Syria’s armed revolt is product of popular uprising

The Assad regime is using tanks, jet fighters and helicopter gunships to re-establish control in Damascus and Aleppo. Though severely out gunned, the opposition continues to hang on.

This violence will push more people into opposition to the regime. “Every time there are 15 people killed in a village, 500 additional sympathisers are mobilised, roughly 100 of whom are fighters”, claims the former head of the UN monitoring mission in Syria, General Robert Mood.

Opposition forces now control large areas of the Syrian countryside and in July fighting entered the two largest cities, Damascus and Aleppo.

There are increasing signs that the Assad regime is on the ropes. In early August the prime minister, Riad Hijab, along with two other government ministers joined the 27 generals, government minister and leading diplomats who had already deserted the regime.

Some claimed the regime would never fall without Western military intervention. But once again the Arab masses are showing otherwise.

The bombing inside the national security headquarters in mid-July came as a particular shock to the regime. It killed four leading officials, including the defence minister and Assad’s brother in law. The attack was almost certainly an inside job, showing that opposition to the regime has reached even its inner sanctum.

Brigadier General Manaf Tlass, a commander in the elite republican guard and personal friend of the Assad family, also defected in July.
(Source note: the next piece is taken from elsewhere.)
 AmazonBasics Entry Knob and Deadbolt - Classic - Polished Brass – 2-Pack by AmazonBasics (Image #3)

His father was the Syrian defence minister for 30 years. Border posts on the Turkish and Iraqi borders have fallen to opposition forces. Kurdish groups have taken control of numerous towns in western Kurdistan.

Armed revolt

The revolution in Syria is now more of an armed uprising compared to Egypt and Tunisia, where protests and strikes predominated. But it remains a genuine people’s struggle and deserves our support.
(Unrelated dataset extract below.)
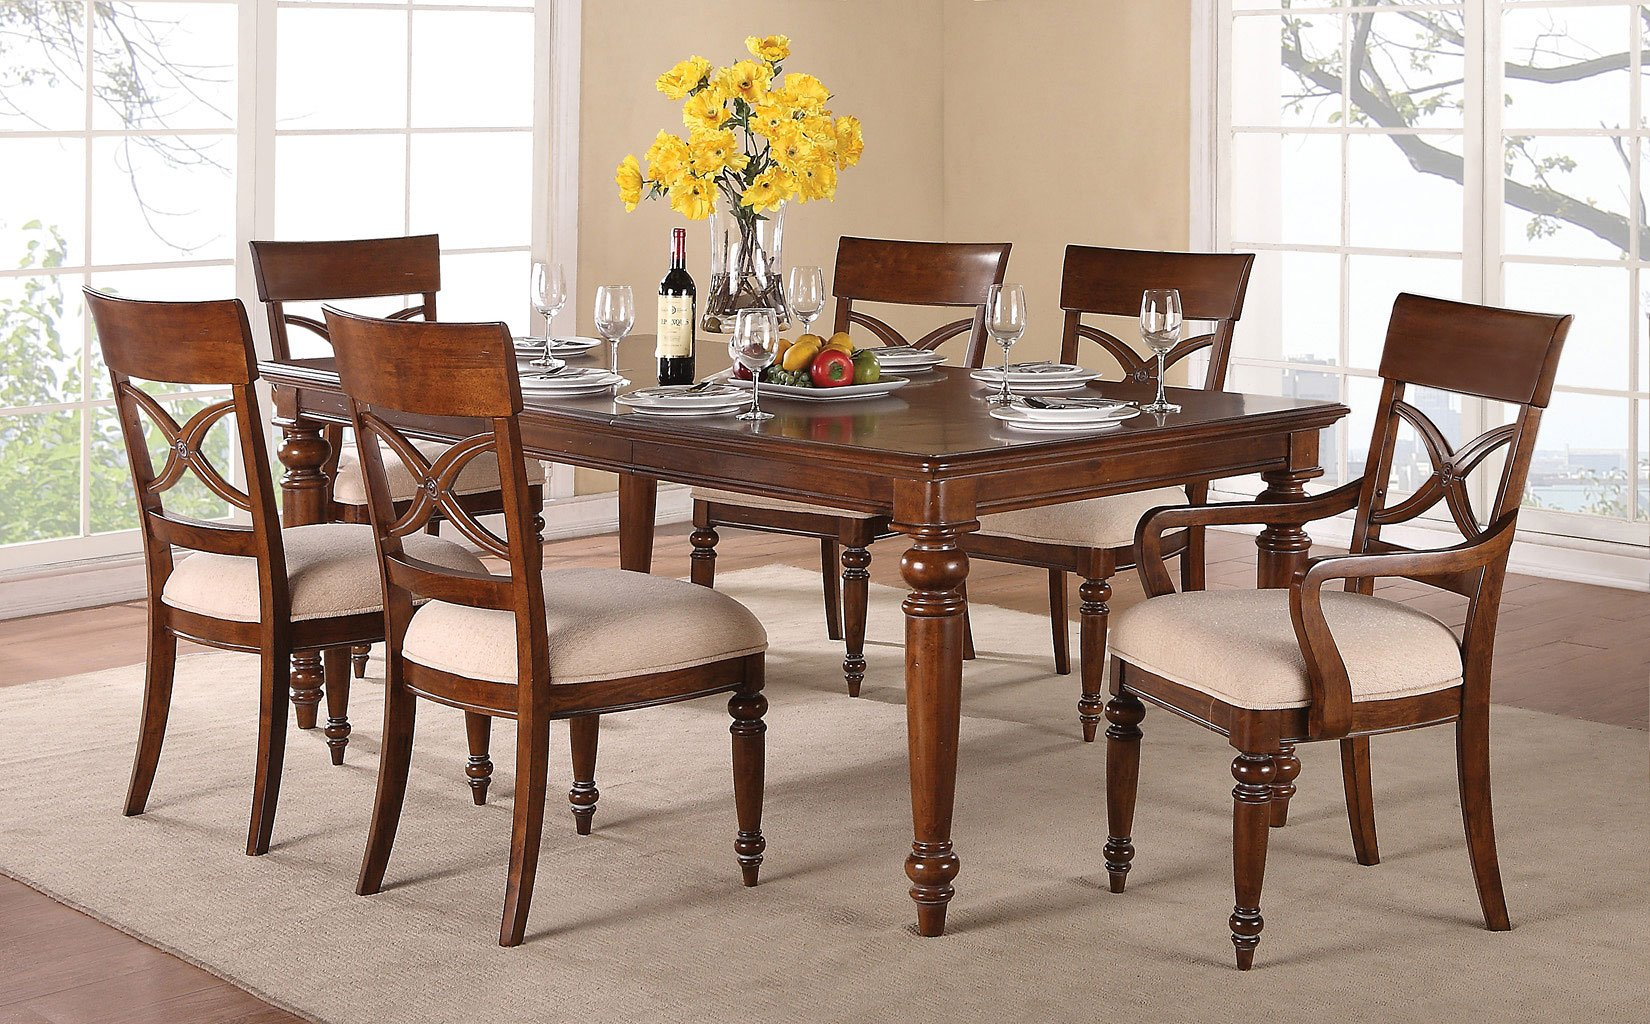 Ordinaire American Heritage Dining Room Set

It’s been the massive violence of the regime against peaceful protests that’s led people to take up arms. Assad has killed, detained and tortured thousands and pulverised whole suburbs with tanks and artillery. The regime has armed the Shabiha, a thug militia group, to do much of its dirty work. In Houla in May they massacred over 108 people, including 34 women and 49 children.
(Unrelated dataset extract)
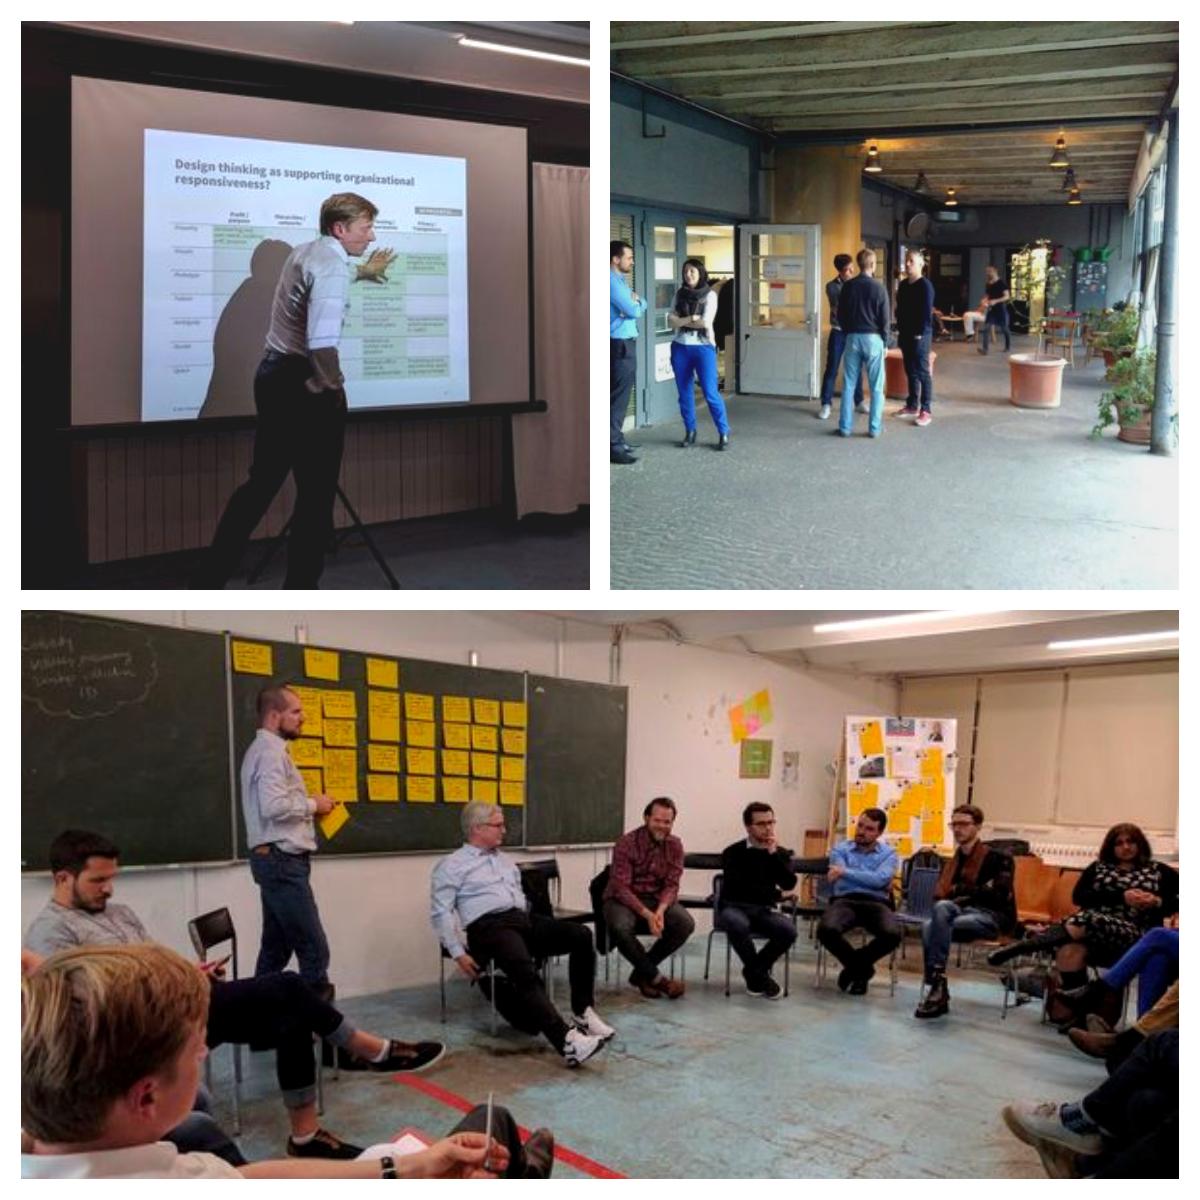 Management-Kits-Design-Thinking-Organizational-Responsiveness-Talk.jpg

By July last year there were enough deserters from the army, appalled at being ordered to shoot unarmed civilians, to form the Free Syrian Army along with civilian volunteers. At first they simply protected demonstrations. But the more the regime responded with violence, the more their ranks grew and the revolution took the form of an armed uprising. Even as late as July this year, there were large demonstrations and merchant strikes in Aleppo and Damascus.

But politics and not guns are crucial for determining the outcome. The revolutionaries are making gains because soldiers are deserting the regime and joining the opposition, not the other way round. This means Assad has lost the argument that the opposition are just “terrorists” and part of a foreign conspiracy.

Reaching out to the Alawite, Christian and other minorities, too, remains a central political task.

While brute force might allow Assad to retake Damascus and Aleppo, it will be difficult for him to win in the long run. With popular support the insurgents will run a very effective hit-and-run campaign.

This will take time, however, and that’s a danger. The militarisation of the struggle gives the West the opportunity to use money and arms to influence and shape the opposition.

The New York Times is already reporting that a, “small number of CIA officers are operating secretly in southern Turkey, helping allies decide which Syrian opposition fighters across the border will receive arms”. Gulf states like Saudi Arabia and Qatar have been funding sections of the rebels. But the fact the rebels remain so poorly armed is evidence the West does not trust them.

The Western powers still hope for a “negotiated transition” to ensure a neo-liberal, and preferably pro-Western, regime emerges. Former UN Secretary-General Kofi Annan has resigned as official negotiator and his “peace plan”, which rested on convincing Assad to step aside, is in tatters.

The West is desperate to maintain as much of his murderous regime intact as possible. According to the Wall Street Journal, US officials have even mooted General Tlass as a replacement for Assad, arguing this, “would help win Russian support for a transition in Damascus because of the Tlass family’s long ties to the Assad regime”.

But whether the West will step up its direct military intervention remains to be seen. If they do it would be a disaster and could lead to the Balkanisation of the whole region as Russia and other regional powers, some with sectarian agendas, join the scramble for influence.

We have to oppose all Western intervention, either in the form of an engineered change at the top, or armed groups with allegiance to the West. The Syrian people must remain in control.